Grin F*cking: It's Not Nice - polymathist
http://incube.us/?p=38

======
Kluny
It really depends on you relationship with the person, doesn't it? If it's a
casual acquaintance, or even if it's a good friend who is known for being
emotional, why should I expose myself to their potential anger when I say
their idea sucks? I can be as careful as I want with my tone of voice and
picking confrontational, constructive language, but there's still a chance
they'll take offense and blow up at me.

What's in it for me? If someone wants me to think hard about their thing, and
make a serious effort to communicate my thoughts about it, they have to earn
it with trust.

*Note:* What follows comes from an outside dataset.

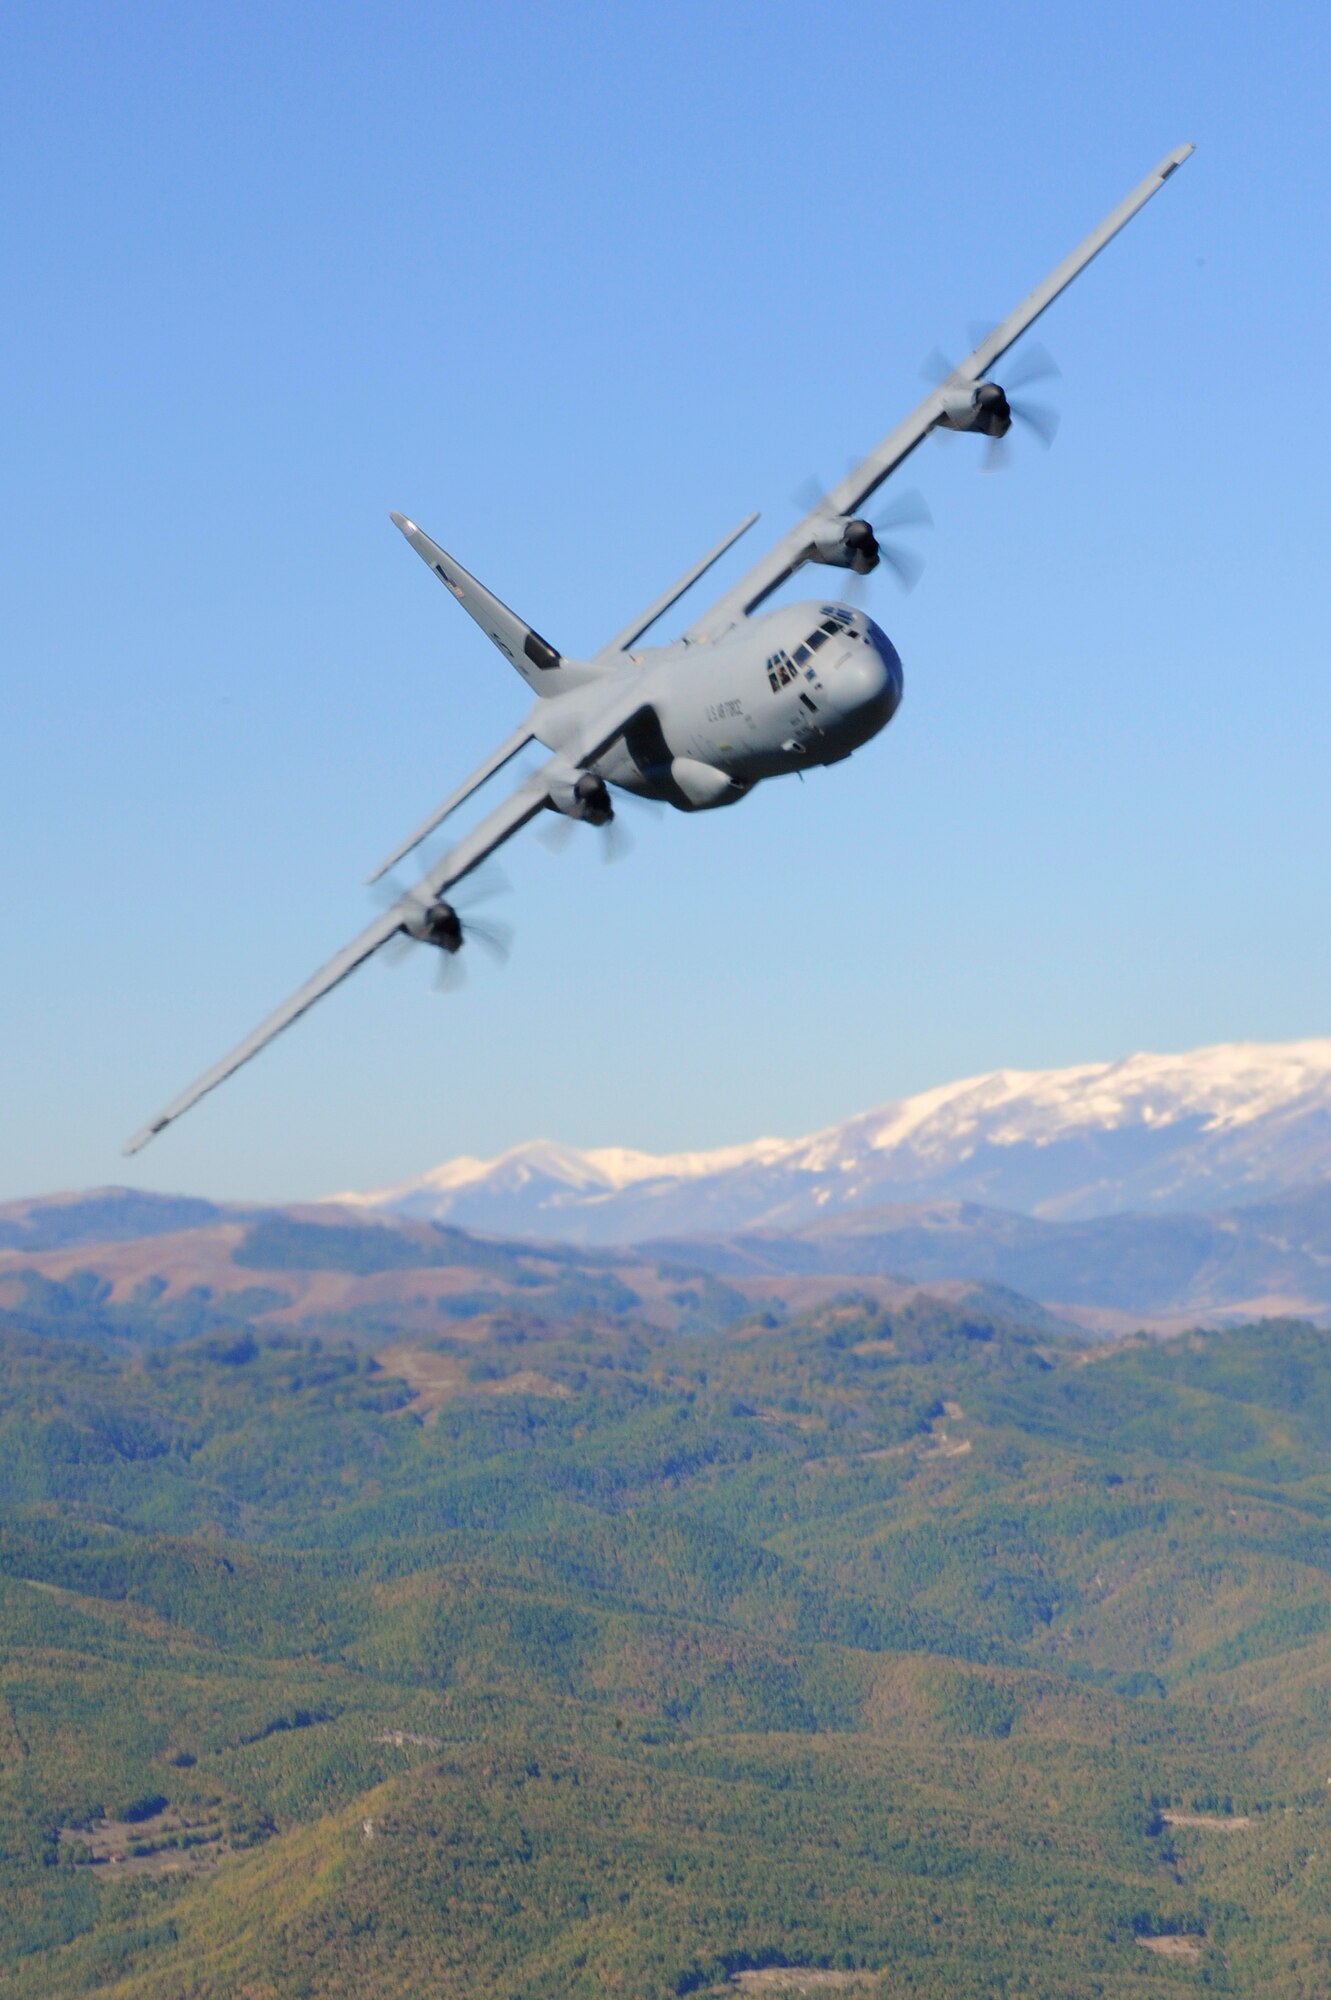 A C-130J Super Hercules assigned to the 37th Airlift Squadron, Ramstein Air Base, Germany, conducts low-level flight training during Operation Thracian Fall 2011, Oct. 19, 2011 in Plovdiv, Bulgaria. OTF11 is off-station training designed to enhance interoperability between U.S. and Bulgarian Air Forces as well as build partnerships with paratroopers from both. (U.S. Air Force photo by Senior Airman Stephen J. Otero)

It's their own responsibility to research their idea and get
honest, informed opinions about whether it will work or not. It's not my
responsibility to be their mom.

------
fabioberger123
Great post. I've been guilty of this at times and will try hard to stop. It's
hard to strike a balance on knowing when a person just needs to try and idea
and when they should really reconsider it entirely. Also, I would have told
the founders of Twitter that I think their idea is stupid and that no one is
going to post 140 characters about their breakfast. I would have been wrong to
be discouraging. I guess the key is "constructive" feedback, this no matter
what your overall opinion of the idea can help point them in the right
direction.

------
kirillklimuk
I've been grinfucked so many times in my life... and I've done it myself just
as many. Being confrontational and instructive is hard. Being polite and
unopinionated is easy. =(

------
antidaily
Cool design, bro.